The website of the Union of Italian Jewish Communities, or UCEI, said Friday that the so-called Research Group on Fiume-Palatucci 1938-1945 held its first meeting earlier in the week in Milan at the Center for Contemporary Jewish Documentation.

The seven-member group was set up by the center and the UCEI, and includes Holocaust scholars, historians and archivists. Its investigation is expected to last six months; the group will publish a report on its findings.

Palatucci, a fascist police official in wartime Fiume — now Rijeka, Croatia — has long been revered in Italy as an “Italian Schindler” who saved thousands of Jews by providing them with false papers.

The Yad Vashem Holocaust Memorial and Museum in Jerusalem named  Palatucci a Righteous Among the Nations and he was accorded other honors.

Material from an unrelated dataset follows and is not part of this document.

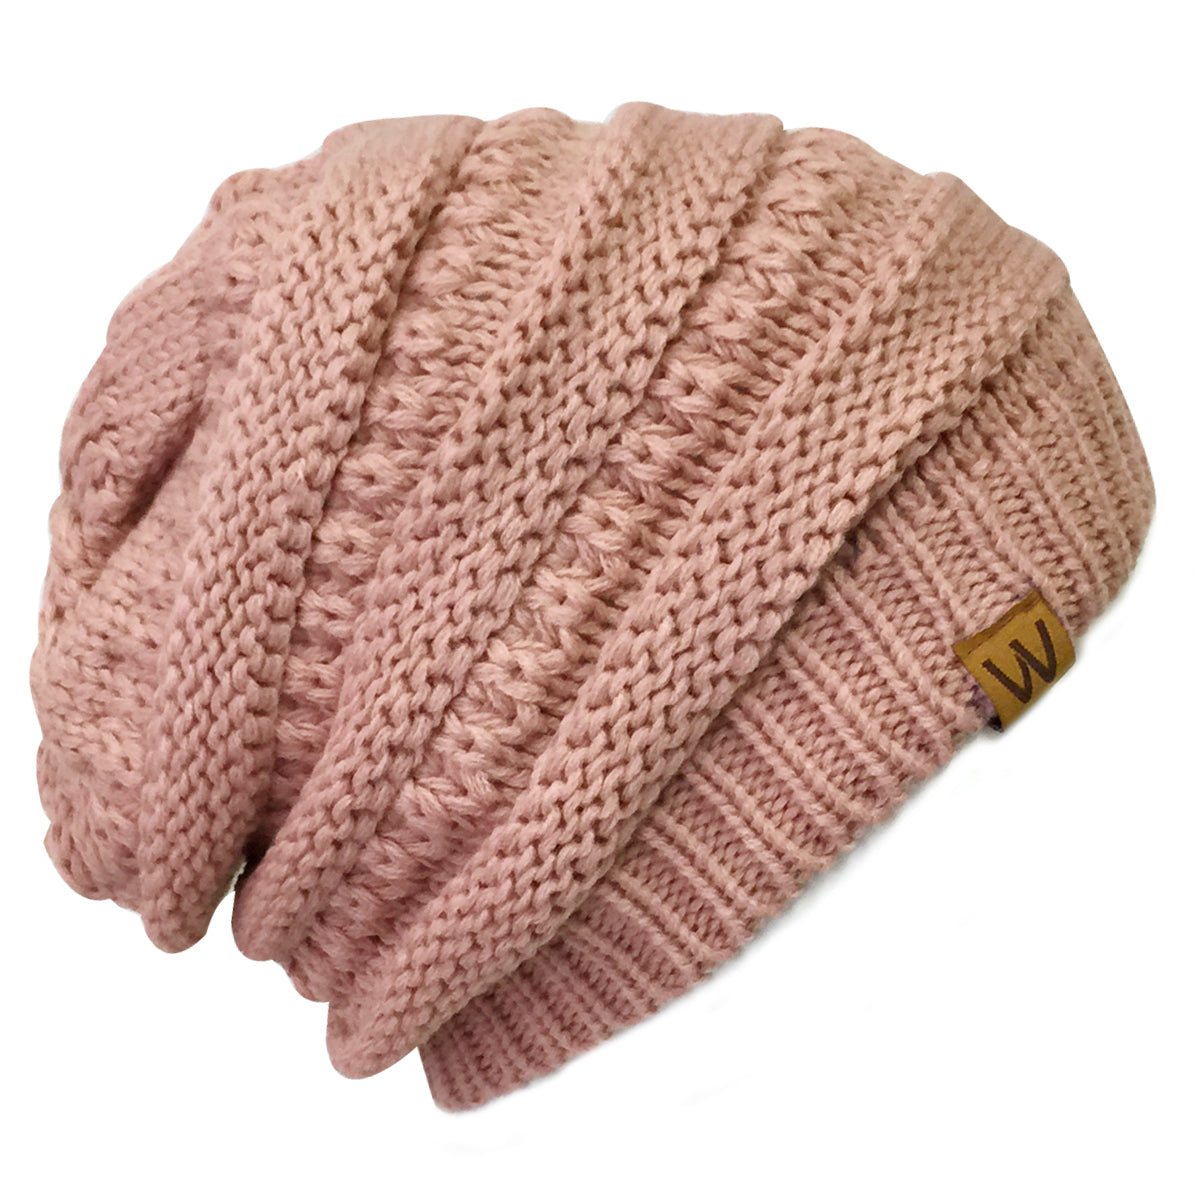 Wrapables Slouchy Winter Beanie Cap Hat
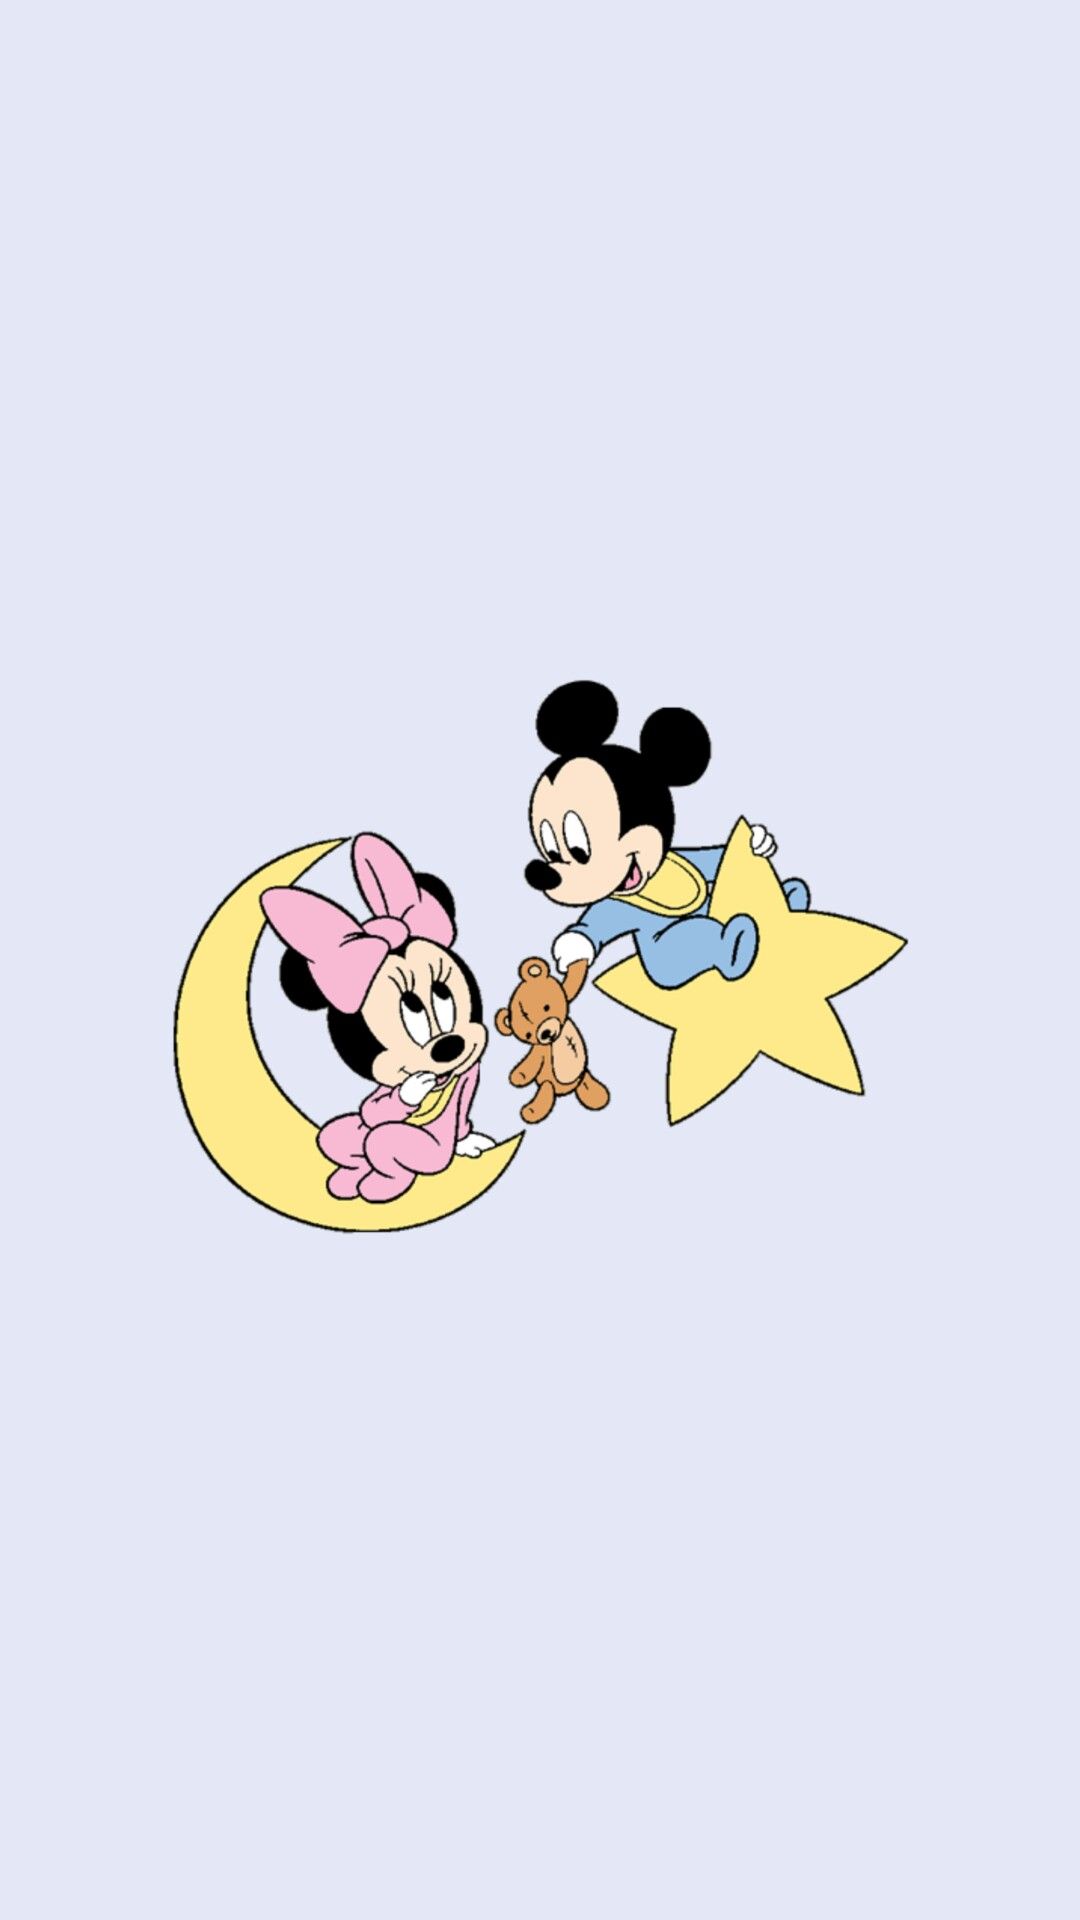 Mickey mouse and minnie mouse wallpaper for phone - Mickey Mouse

In recent years, however, his record has come under scrutiny. While he is credited with having saved at least a few Jews, the number of 5,000 that is often quoted allegedly is greatly inflated. And while he was arrested and sent to Dachau, where he died in early 1945, recent research has shown that it was not because he helped Jews.

“A growing chorus of historians and scholars,” Italian journalist Alessandra Farkas wrote in the Milan daily newspaper Corriere della Sera last summer, say Palatucci “is nothing but a myth, a sensational fraud orchestrated by the alleged hero’s friends and relatives who claim he saved more than 5,000 Jews in a region where there lived fewer than half that number of Jews.”